Benefit of priority of U.S. Provisional Application for Patent Ser. No. 61/129,710 filed on Jul. 14, 2008, is hereby claimed.

The present invention relates to roof support systems for large building structures and is more particularly concerned with a deployment mechanism for a retractable roof system for large building structures such as stadiums and the like and the components thereof.

It is well known in the art to build stadiums for major sports events or the like that can receive many thousands of seated spectators. Most of these main sports events or other require an open sky over the sports field, while the grandstands are preferably protected by an over-hanging peripheral roof to protect the spectators from precipitation, e.g. rain, snow, etc. However, in regions with cold temperatures and frequent snowfalls during winter, or even with heavy rains, it would be beneficial to provide a complete covering for the stadium, namely a roof, but such a provision would preclude the holding of certain events thus limiting the scope of use.
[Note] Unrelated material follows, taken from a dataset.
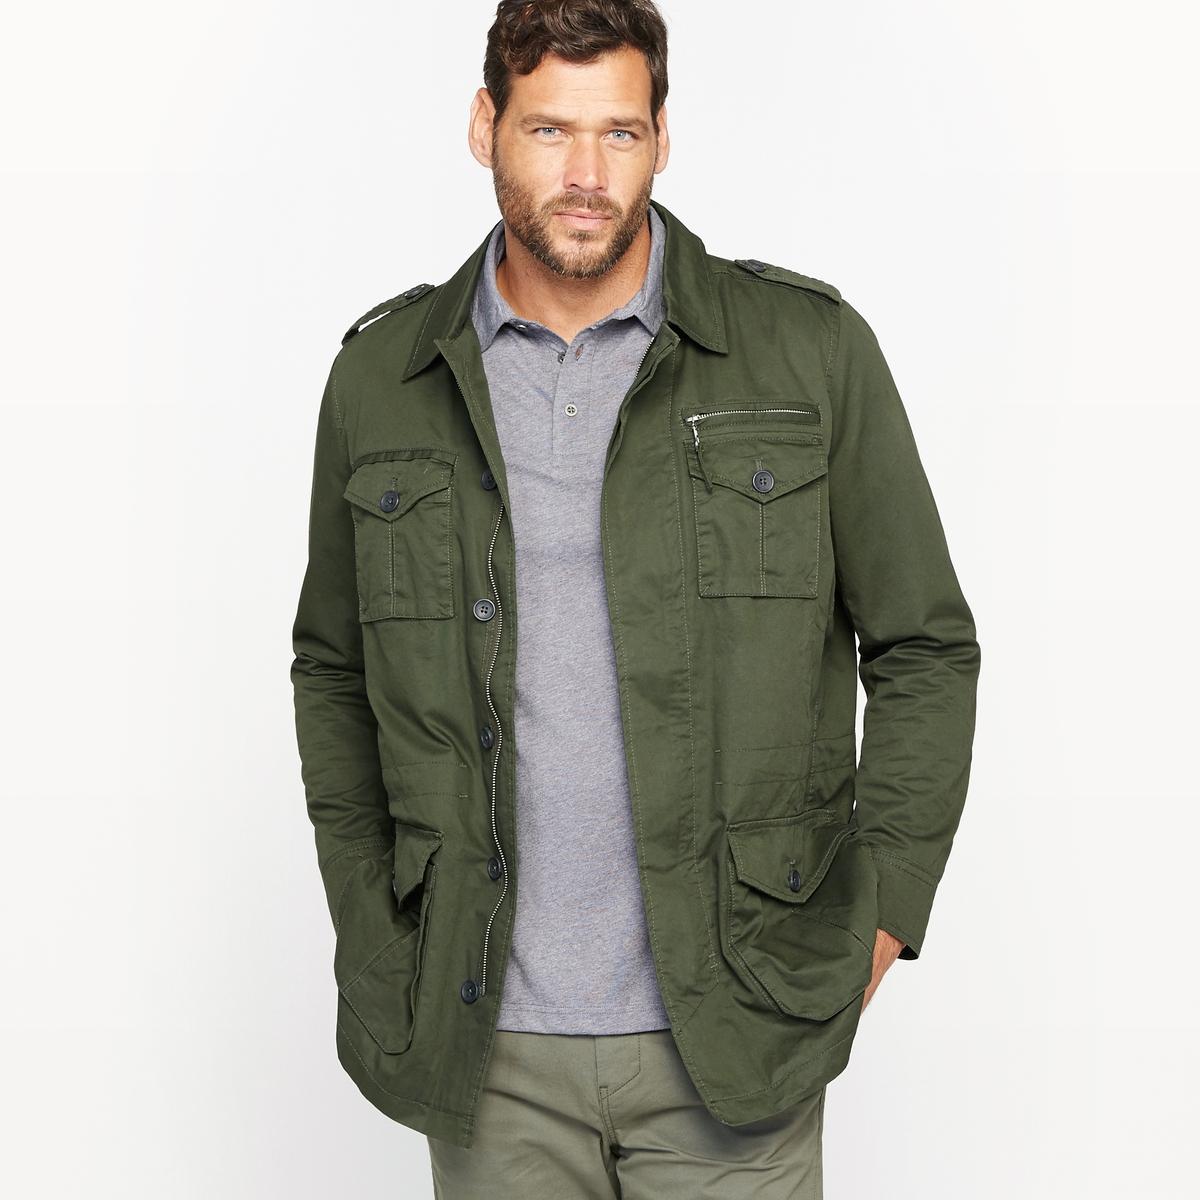 Куртка в стиле милитариКуртка в стиле милитари. Незаменимая вещь в летнем гардеробе ! Плотный текстиль, 100% хлопка, на подкладке из 100% хлопка. Длина 83 см . Супатная застежка на молнию и пуговицы. Планки с пуговицами на плечах. 2 нагрудных кармана и 2 кармана с клапанами на пуговице снизу спереди . Манжеты с застежкой на пуговицу. Пояс на кулиске.<br><br>Цвет: зеленый милитари,темно-бежевый<br>Размер: 54/56.62/64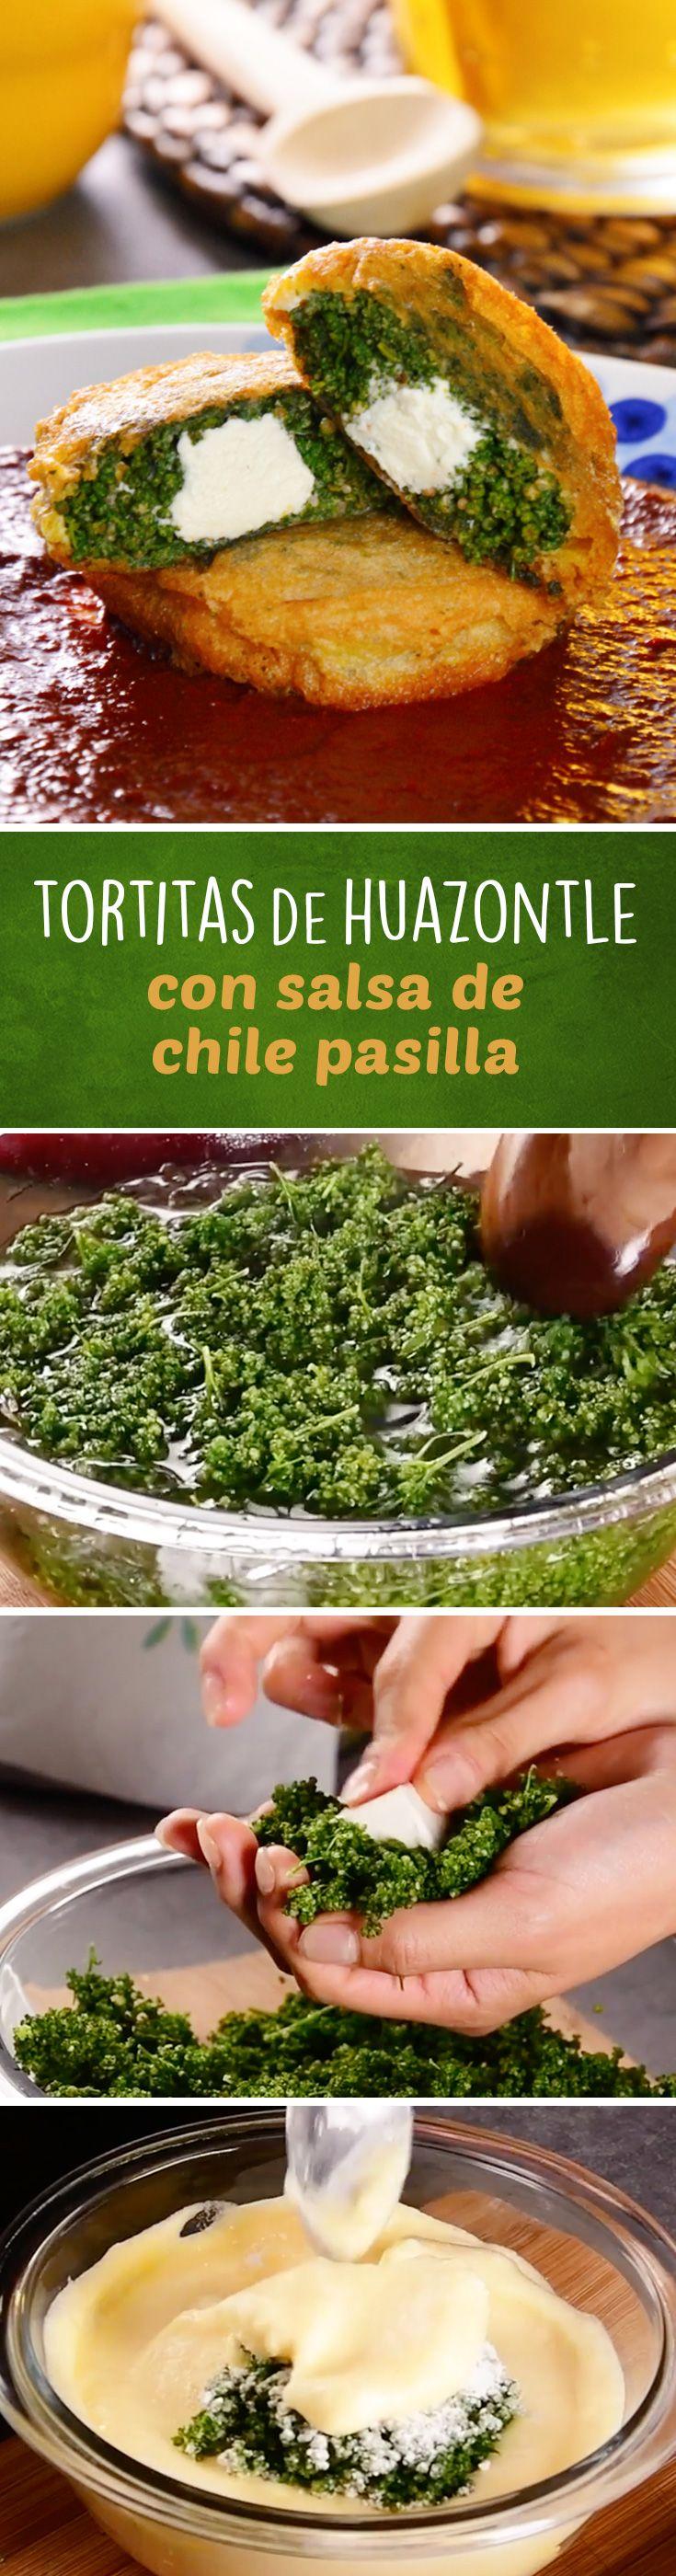 Tortitas capeadas de quelites o huauzontles rellenas de queso con salsa de chile pasilla. Esta receta de cocina mexicana tradicional es un clásico de #cuaresma ya que no tiene carne y rinde para todos.

This dilemma has been addressed by the installation of, retractable roof systems at various stadiums. However, these systems are generally very expensive, complex, raise safety issues, and may require time-consuming deployment mechanisms, which may militate against their installation.

Accordingly, there is a need for an improved deployment mechanism for a retractable roof system for large building structures and improved components used therefor.

It is therefore a general object of the present invention to provide an improved deployment mechanism for a retractable roof system for large building structures and/or improved components used therefore, which solves the above mentioned problems.

An advantage of the deployment mechanism of the present invention is that it is relatively simple (pneumatic) and allows, by default, the retractable roof to remain in the closed configuration. The weight (piston) has to be raised into its cylinder in order to open the roof.

According to a first aspect of the invention a retractable roof system for a large building structure for selectively closing off a roof opening of the building structure, said roof system being characterized by:

The deployment mechanism is conveniently adapted to effect translational displacement in a substantially horizontal or in a substantially vertical direction.

The roof system is drawn across the said opening in a substantially horizontal direction.

The roof system is elevated in a substantially vertical direction into a closure position in relation to said opening.

In an alternative embodiment, the translational displacement may be effected in an angular orientation between horizontal and vertical.

According to another aspect of the present invention, there is provided a retractable roof system for a large building structure for selectively closing off an opening of a fixed roof of the building structure, said retractable roof system comprising:

Conveniently, the roof structure has at least two complementary roof sections each roof section being supported by a respective pier.

Each roof section may be arranged to slide over or under the fixed roof when being deployed, the extent of the roof section and of the fixed roof being substantially coincident when the roof section is in the retracted position.

According to a still further aspect of the present invention there is provided a retractable roof system for a large building structure for selectively closing off an opening of a fixed roof of the building structure, said retractable roof system comprising:

The deployment mechanism may advantageously be operated by compressed air.

The ropes may be produced from any suitably strong material and are attached to and extend from the piston over the pulleys to be secured to the roof connecting part of the top section of the pier.

A deployment mechanism according to the invention may be employed for a number of roof sections or one such deployment mechanism may be employed for each roof section.

Conveniently the roof connecting part of the substantially horizontal top section is provided with a leading portion of stepped form for supporting a margin of the respective roof section. Said roof connecting part of the top section of the pier is in the form of a bracket reciprocally movable in relation to the top section of its respective pier.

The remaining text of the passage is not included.